And knowledgeable EMT needs a good stethoscope just as a paramedic or nurse. If your serious about listening to lung sounds and/or learning about heart sounds, get a good one.


----------



## firecoins

MEDIC140 said:


> *  I have always told my students and have had to remind myself that the best part about a stethoscope is what lies between the user's ears.
> *



I always though hair was the best quality.


----------



## Short Bus

I had a Littman Cardio 3 for years until someone decided they needed it more than I did.  It was taken out of my car at my house.   7+ years in a truck and I never lost it, but out of my car was another story.  Anyway, I replaced with with a Master in the black edition.  I use my scope all of the time and I want a good one.  I tried the cheaper littmans, and I do not think they were near as good.  They were a lesser model then the classic IIs.  So, just because it has the name on there, does not mean it is the same.


----------



## bled12345

Ridryder911 said:


> A little hint although not in this thread, in regards to safety, stethoscopes makes great choking devices on medics
> 
> R/r911






I just wrap it up around itself and throw it in my side pant leg pocket.


----------



## mikeylikesit

I use the Littmann master classic II. Great scope that i picked up new for a discounted price at $75.00 serves me well and i like having only the one bell.


----------



## AlaskaEMT

I have the Littman Classic SE II.  It's my first real scope but I haven't used it enough to recommend it yet.


----------



## bassman1490

has anyone ever used either kila or bullzeye stethoscopes


----------



## fma08

mikeylikesit said:


> I use the Littmann master classic II. Great scope that i picked up new for a discounted price at $75.00 serves me well and i like having only the one bell.

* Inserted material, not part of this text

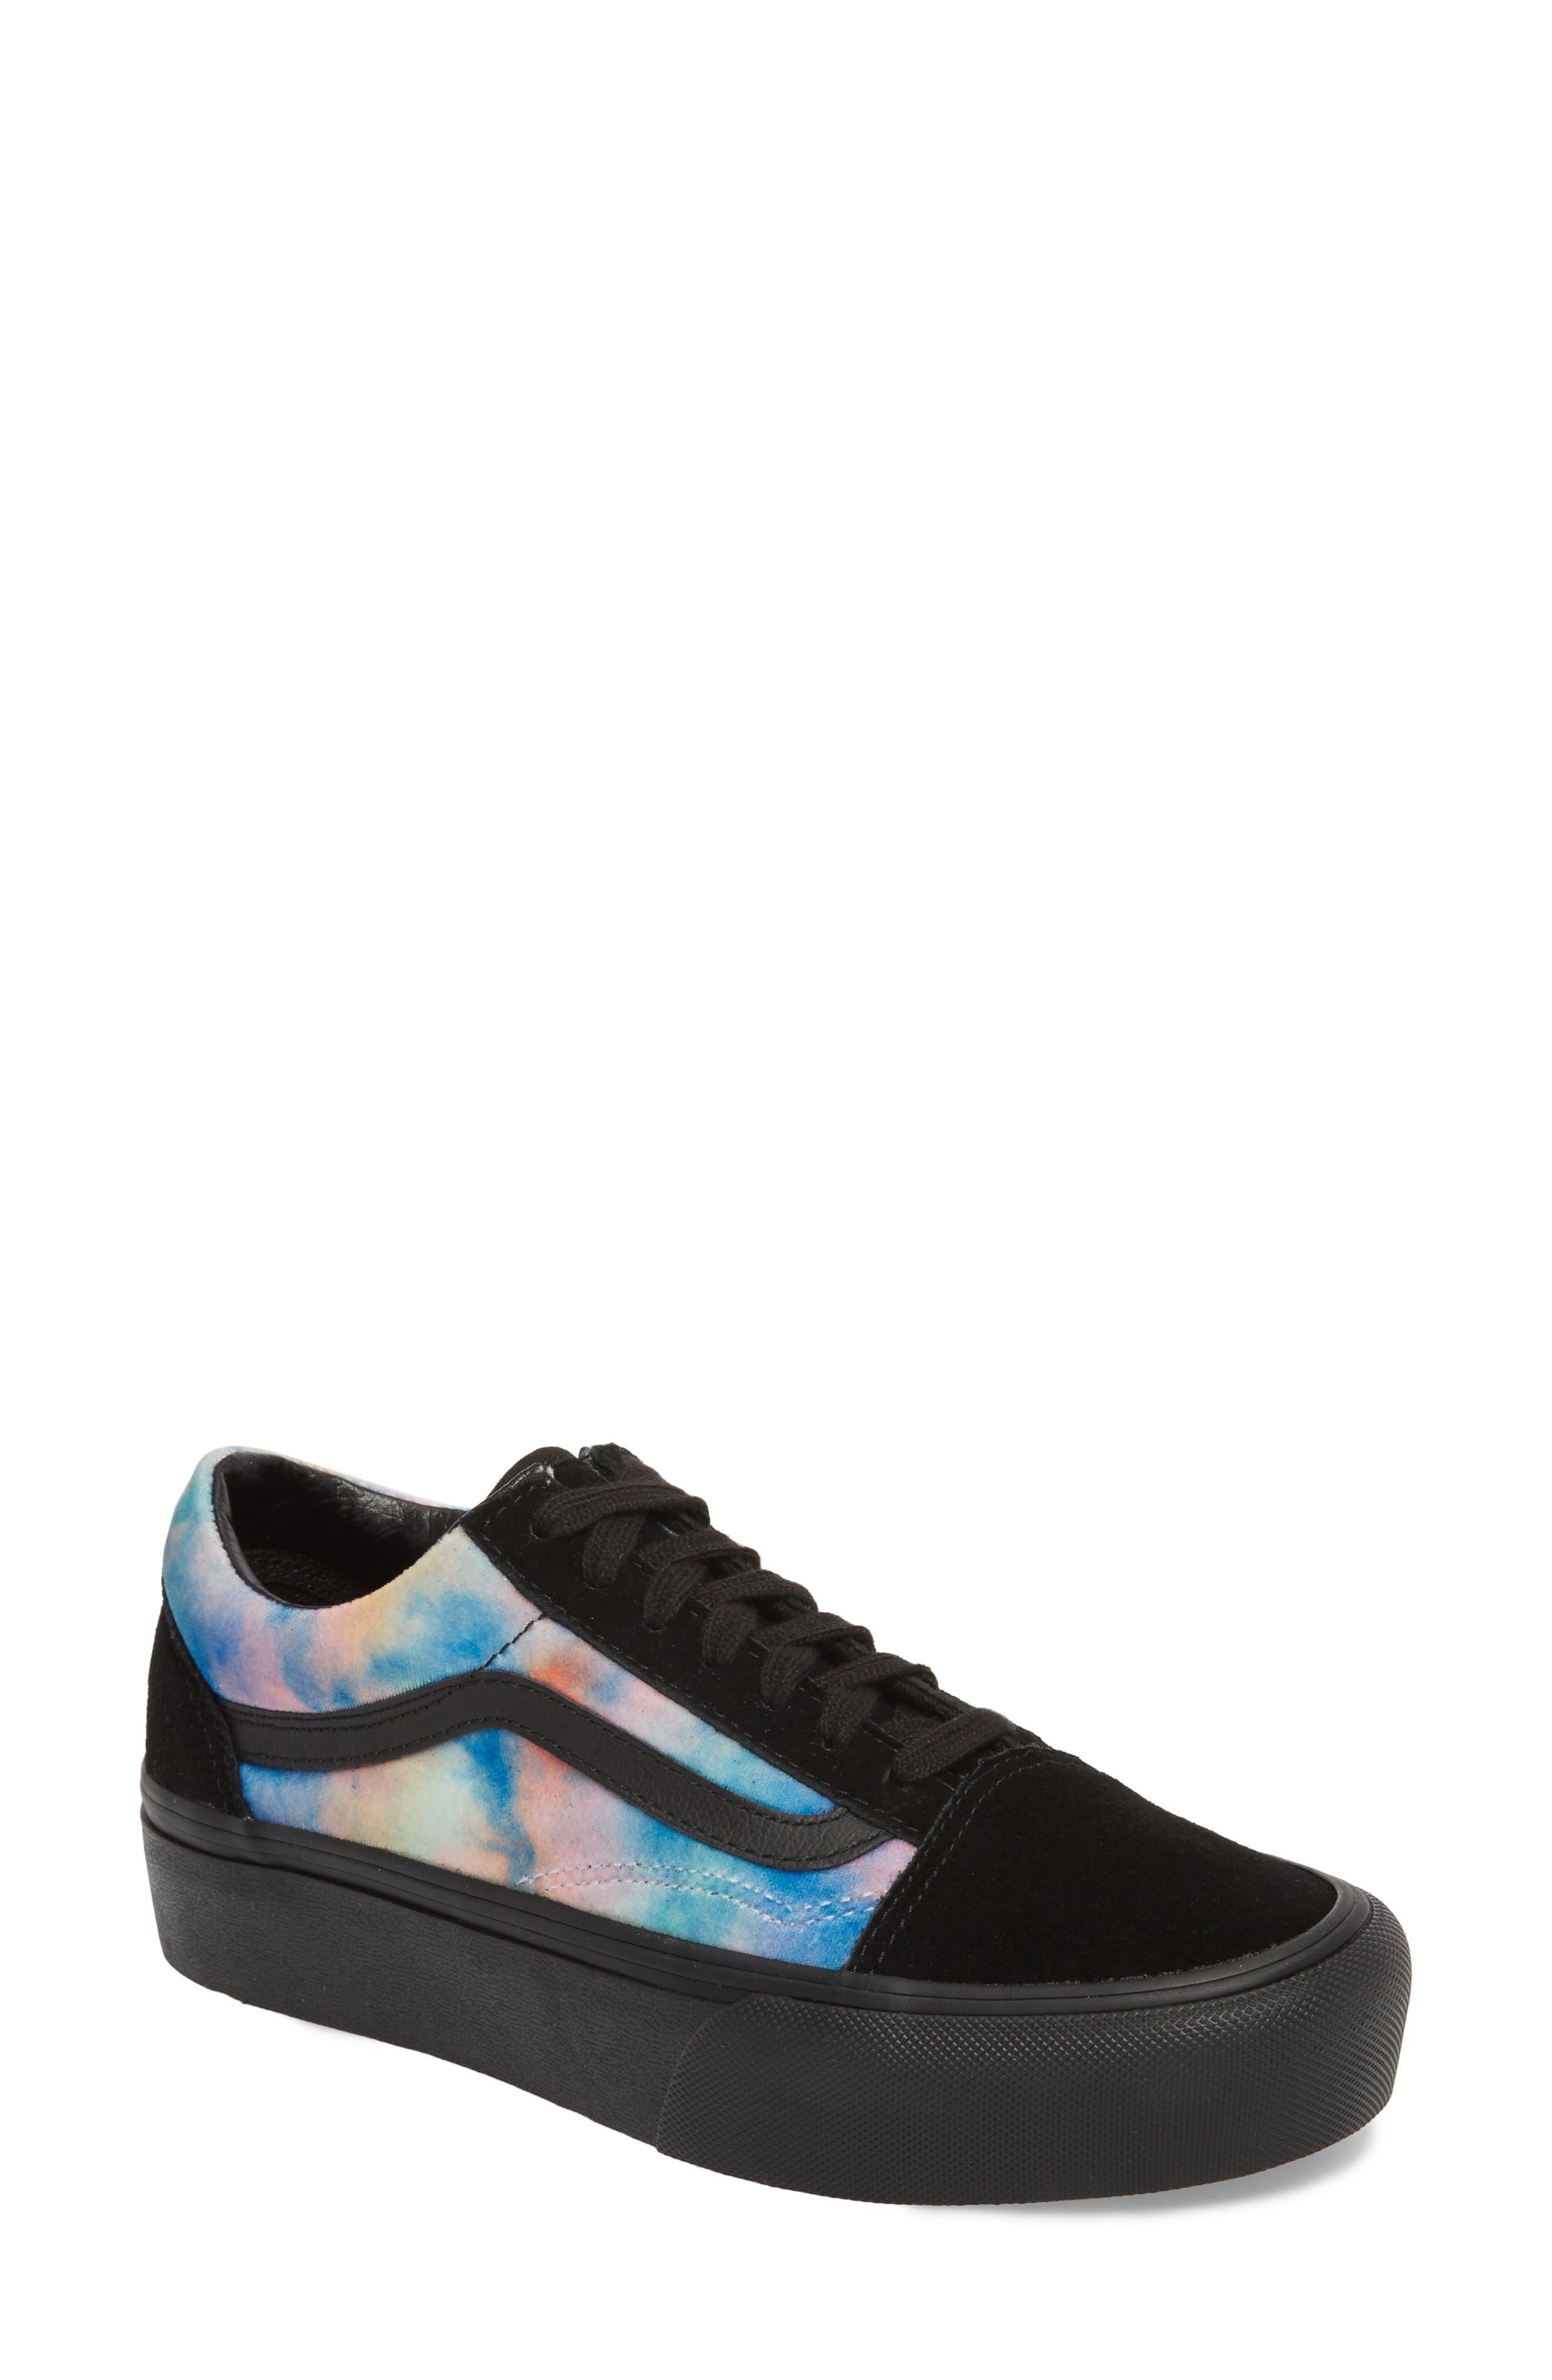 Old Skool Platform Sneaker,                             Main thumbnail 1, color,                             Velvet Tie-Dye Multi/ Black

ditto... aside from the fact i didnt quite get the discount, but hasn't failed me yet.


----------



## mycrofft

*'Scopes are like knives except they don't need sharpening (say what?)*

Yes, everyone has their favorite. Lemme weigh in:
1. First, I've used a second tier (one step above disposable) bright red (well, originally) scope with an eighteen inch tube since 1986, in the field, hospital and jail. It went to Saudi when I didn't. Now it's ugly and reddish and my name's inside the diaphragm. Not even the inmates will steal it. I use soft "mushroom" earpieces. For the level of work I do it is fine.
2. If you need to stow it, bend the tubing in half and stick it under your belt. If wearing pants with buttoning leg pockets, in those is OK too. On the neck is a safety hazard, they get lost, and look stereotypical (along with the holster carrying the haemostat, tetrasnips, little TK and a penlight).
3. Trouble hearing in the unit? Get your feet off the floor or the lower rail of the ambulance litter. If you gotta put your feet down on noisy surfaces, wear cushy socks and/or crepe soles. Cram in those mushroom earpieces, and
 l-i-s-t-e-n. When your partner is listening, quiet up, and ask for the same back.


----------



## T1medic

I just got my Littmann Master Cardiology and so far I can't complain. You can hear a frog fart from a mile away. Ive only used it on my family members because the Brown truck got here after my shift last night but I will be taking nothing but maually BP's on the truck now. I usually just trust the auto if it seems right or matches the trending in the nurses paperwork. I really dont like the auto though but would rather trust it than not get anything since i cant hear anything out of the cheap spragues on the trucks. S


----------



## mikeylikesit

want2savelives said:


> I just got my Littmann Master Cardiology and so far I can't complain. You can hear a frog fart from a mile away. Ive only used it on my family members because the Brown truck got here after my shift last night but I will be taking nothing but maually BP's on the truck now. I usually just trust the auto if it seems right or matches the trending in the nurses paperwork. I really dont like the auto though but would rather trust it than not get anything since i cant hear anything out of the cheap spragues on the trucks. S


 you can't hear anything out of the cheap ones???ahhhh. hopefully its just do to a hearing problema dn not the fact that you don't know what you're listening for. hopefully now though you can hear all five sounds of the BP.


----------



## Medic9

Jon said:


> You can also look on eBay... there are always washed out med students who are trying to convert their scopes into cash.
> 
> I wouldn't pay more than 50-60 bucks... you don't need more than a low-end littman. Just stay away from the sprague scopes (2 tubes clamped together) they have lots of noise artifact.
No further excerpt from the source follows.